En dan nog een pijnpunt: ‘Doe iets aan de gekmakende complexiteit van de wet- en regelgeving in het sociaal domein. Je kunt van mensen met een IQ van 70 of minder niet vragen om hun weg te vinden in een systeem van 27 inkomensondersteunende maatregelen en acht verschillende partner- en inkomensdefinities. Dit stelsel is onveilig voor mensen, daarmee krijg je ze nooit uit de bijstand.’
Doelmatig werken vraagt vaklui
Doelmatig werken vraagt om vaklui - Dannenberg: 'Hebben we wel voldoende professionals om al het werk te doen dat op het sociaal domein afkomt?’ - en budget. Hij vindt dat het Rijk in de lijn met de aanbevelingen van de commissie Borstlap de gemeenten meer geld moet geven om mensen van bijstand naar werk, betaald of vrijwillig, te geleiden. Daartoe moet het reïntegratiebudget voortaan met het bijstandsbestand meebewegen. 'Nu krijgen gemeenten een vast bedrag voor de financiering van begeleiding, training en om- en bijscholing, waar wij voor pleiten is dat die som stijgt en daalt met het aantal mensen in de bijstand. Net zoals bij het UWV, waar het budget voor re-integratie direct is gerelateerd aan het aantal mensen in de ww.’

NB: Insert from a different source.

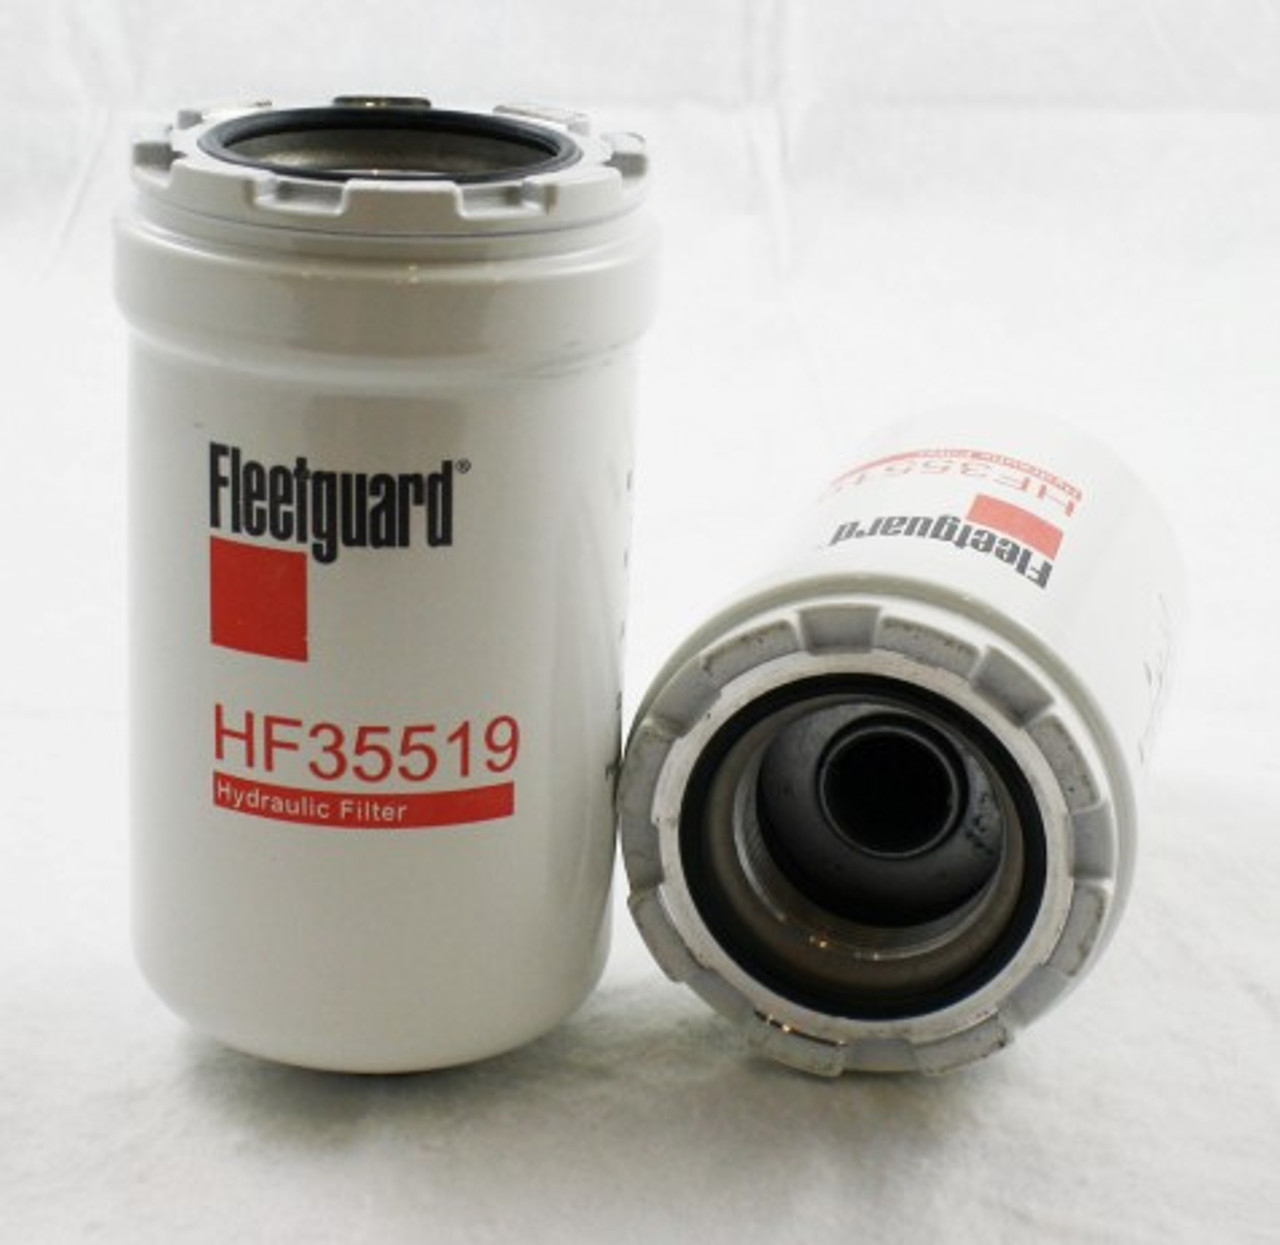 HF35519: Fleetguard Hydraulic Filter

Het kabinet heeft als onderdeel van een sociaal pakket vanwege de coronacrisis 683 miljoen euro beschikbaar gesteld voor ondersteuning en begeleiding naar nieuw werk. Dannenberg: 'Positief is ook dat gemeenten en UWV volgend jaar “ontschot” gaan werken – de sociale dienst wacht niet langer met trajectbegeleiding totdat iemand zijn laatste WW-uitkering heeft gekregen- en dat er meer scholings- en re-integratiegeld vrijkomt.’